The precompiled layers are rebuilt on release and can be downloaded here https://github.com/aws-samples/amazon-textract-textractor/actions/workflows/lambda_layers.yml.

Step-by-step

We provide a step by step through the AWS Console, but note that proceeding with the AWS CLI would also work. For brevity we assume that you already have an existing lambda. You can find an excellent guide on how to create a lambda function here: https://docs.aws.amazon.com/lambda/latest/dg/getting-started.html. Note that your lambda function will need to have Textract access. Since we are targeting a wide range of use cases we will use the AmazonTextractFullAccess policy. We recommend that you review your lambda function and tailor the permission to your specific use case.

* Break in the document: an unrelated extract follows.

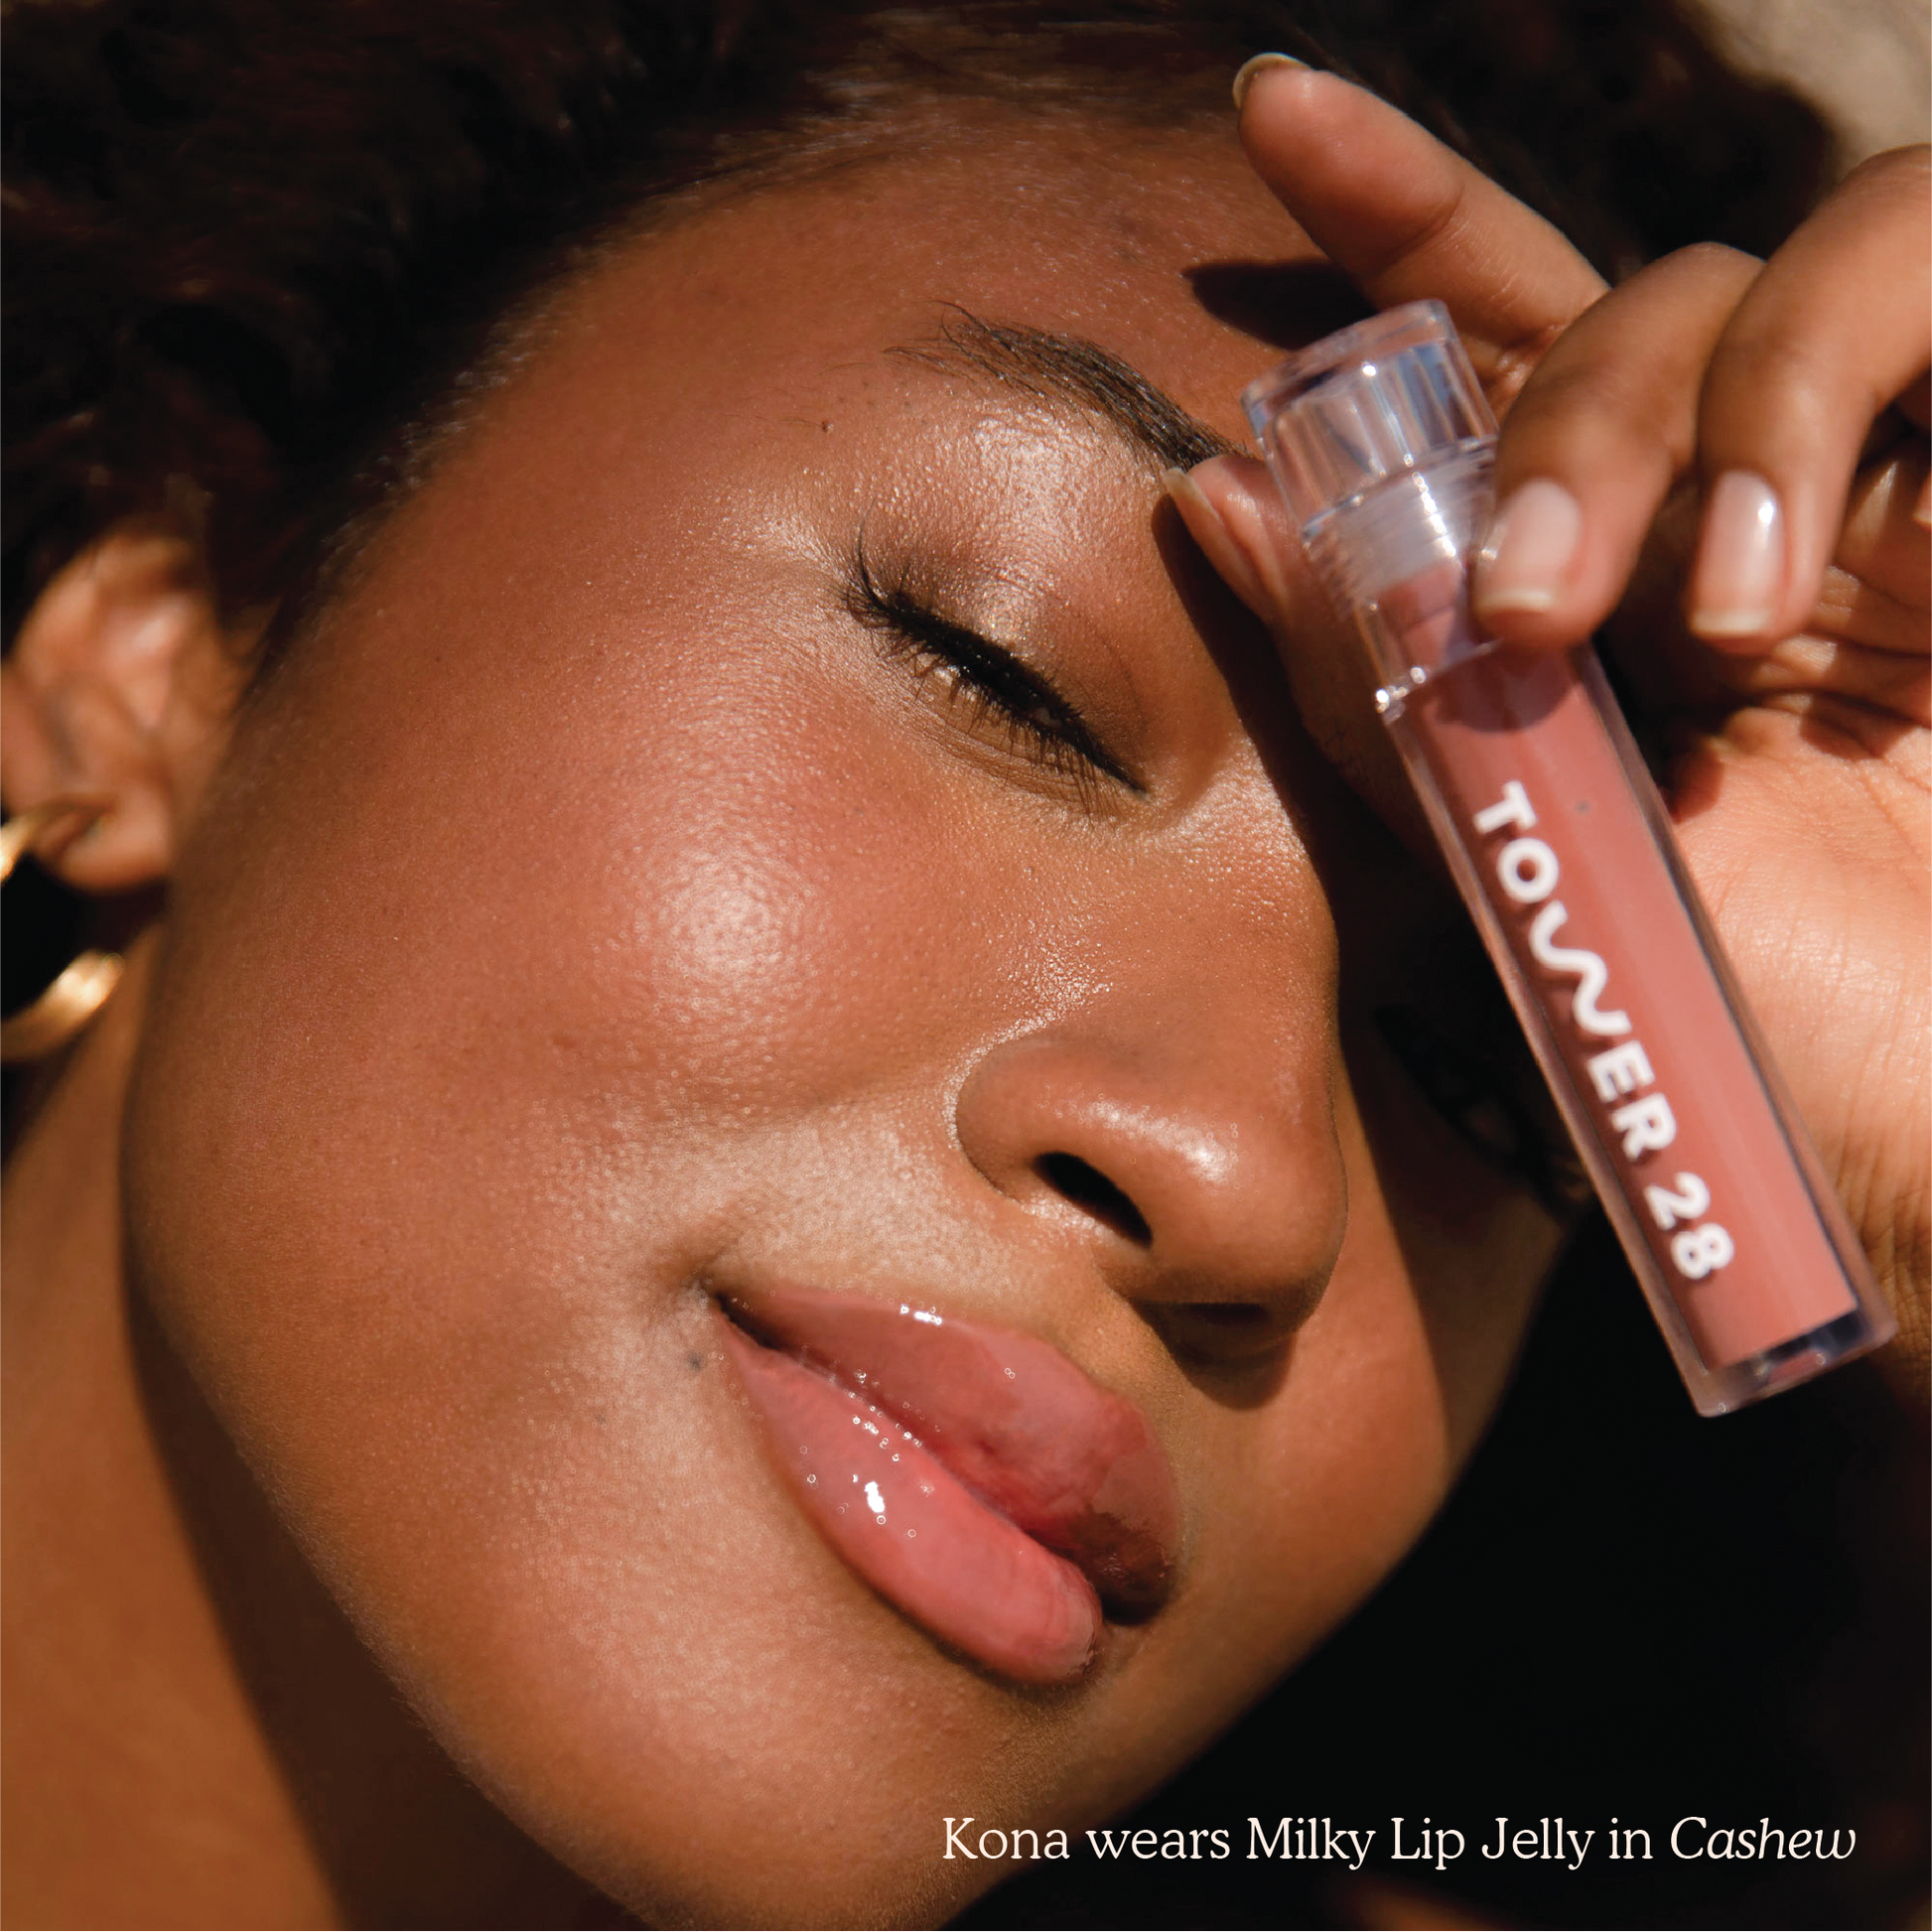 [Shared: Closeup photo of a girl smiling with very glossy lips, wearing the Tower 28 Beauty ShineOn Milky Lip Jelly shade in Cashew (a milky rosy-brown), and holding an acrylic slim lip gloss tube with "Tower 28" logo over her eye

  1. Download the precompiled layers from the GitHub Actions workflow. https://github.com/aws-samples/amazon-textract-textractor/actions/workflows/lambda_layers.yml

    1. Navigate to the page

    2. Click on “Lambda Layers”

    _images/1b.png
    1. Scroll to the bottom of the page and download the package that matches your Python installation. Packages with the -pdfium suffix contain pypdfium2 and allow you to process PDF documents. Packages with the -pdf suffix contain pdf2image and also allow you to process PDF documents, however we recommend using pypdfium2 as it does not require any OS-level dependencies.

    _images/1c.png
  2. In your AWS Console, navigate to “Lambda” and click “Layers” in the sidebar to the left.

    _images/2.png
    1. Click “Create layer”

    _images/2a.png
    1. Fill-in the form and upload the .zip file you downloaded in step 1.

    _images/2b.png
    1. Click “Create”

  3. Navigate to your lambda

    1. Scroll down and click “Add a layer”

    _images/3a.png
    1. Choose “Custom layers” and pick your amazon-textract-textractor layer

    2. Click “Add”

    _images/3c.png
  4. Update your code to use Textractor

    1. If using the pdf2image PDF version you have to update the PATH and LD_LIBRARY_PATH environment variables through the lambda function configuration interface or directly in code with the os module:

    os.environ["LD_LIBRARY_PATH"] = f"/opt/python/bin/:{os.environ['LD_LIBRARY_PATH']}"
    os.environ["PATH"] = f"/opt/python/bin/:{os.environ['PATH']}"